Look below for the line that has "Mariscos - Camarones"; output exactly from it through the line that has "slide 8 of 11, DelGrosso", and leave the pictures out.

**PROVIDED DATA**

+ + +

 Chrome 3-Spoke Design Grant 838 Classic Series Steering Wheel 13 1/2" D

+ + +

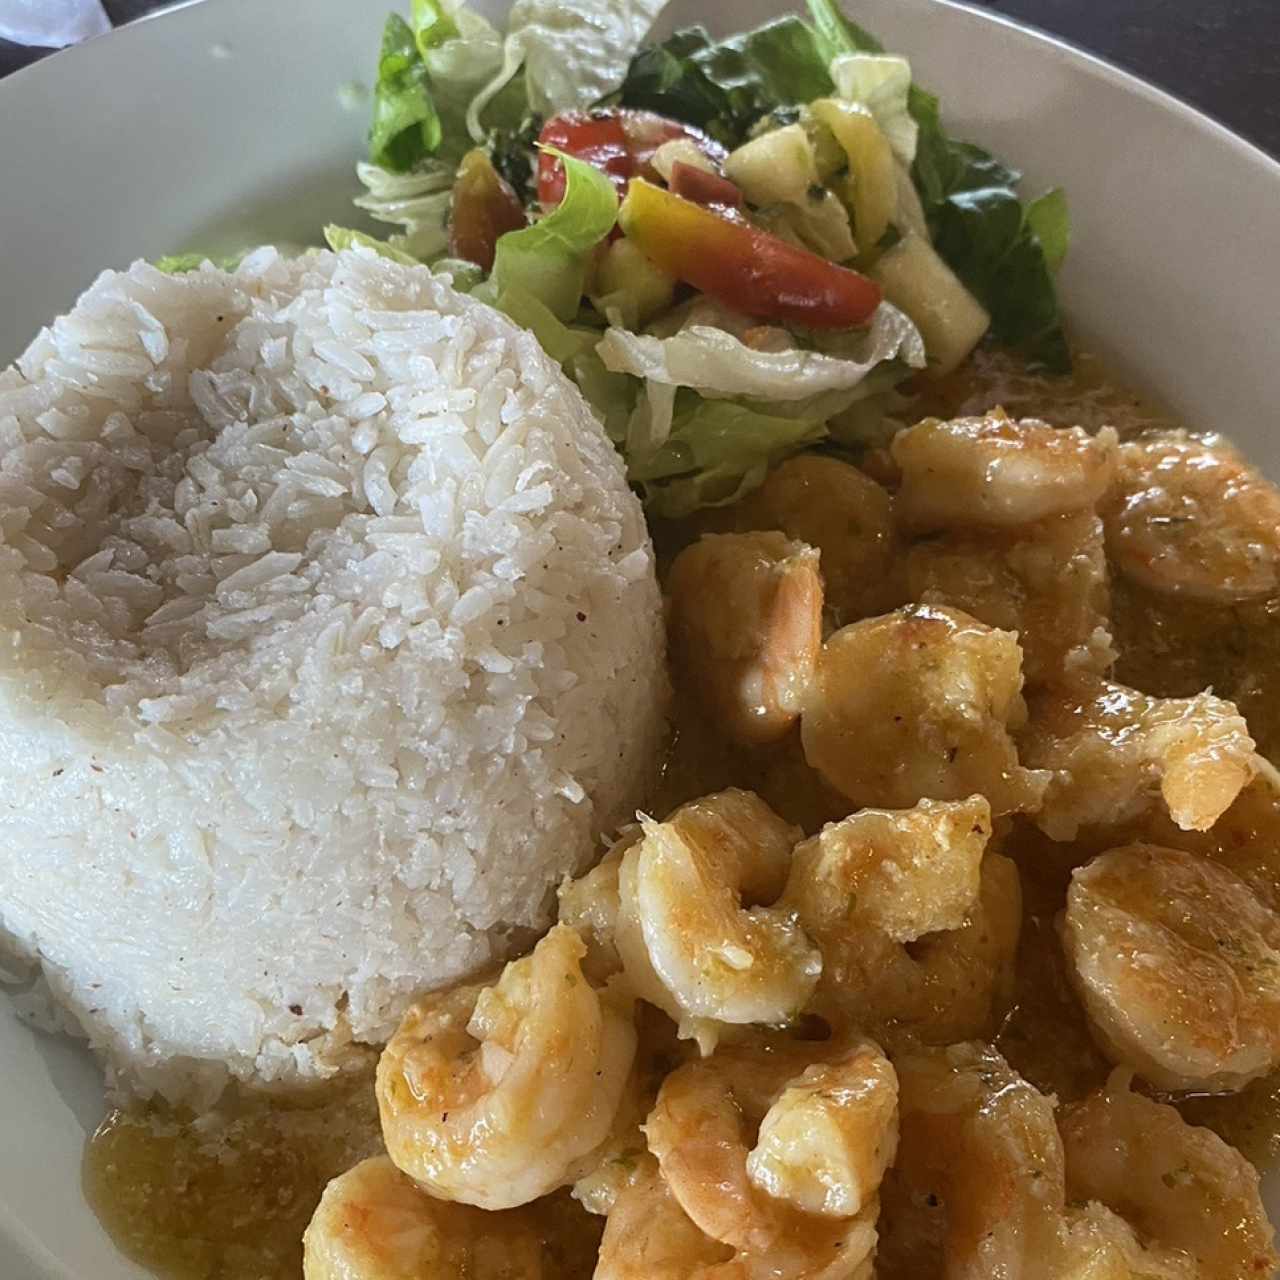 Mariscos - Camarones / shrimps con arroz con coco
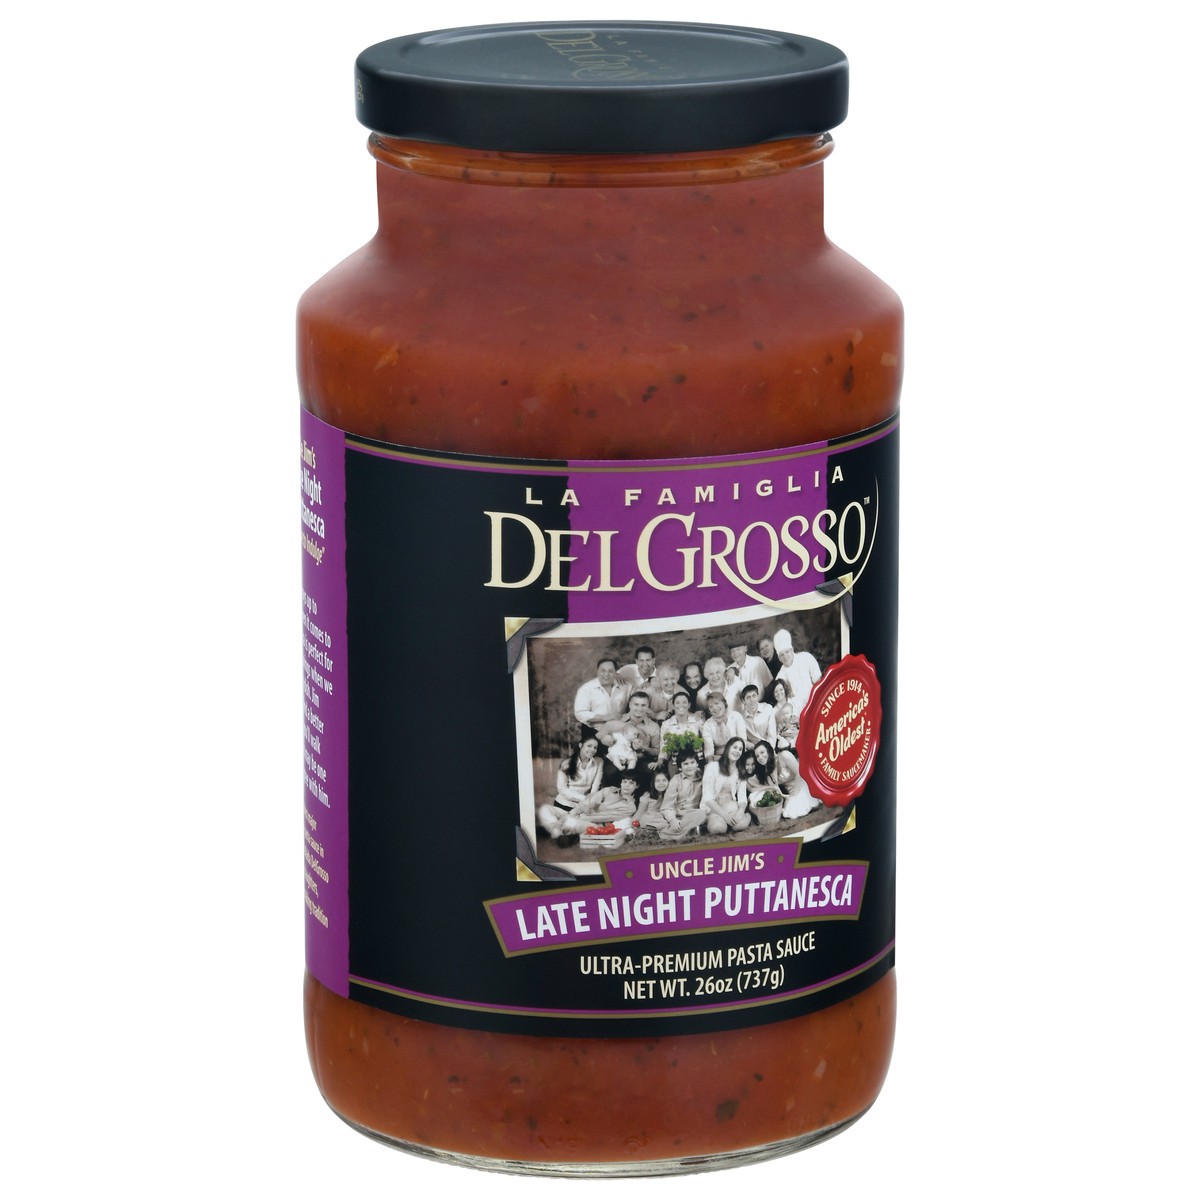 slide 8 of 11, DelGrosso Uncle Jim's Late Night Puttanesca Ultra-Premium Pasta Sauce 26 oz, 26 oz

+ + +

**TASK RESPONSE**
 Mariscos - Camarones / shrimps con arroz con coco
 slide 8 of 11, DelGrosso Uncle Jim's Late Night Puttanesca Ultra-Premium Pasta Sauce 26 oz, 26 oz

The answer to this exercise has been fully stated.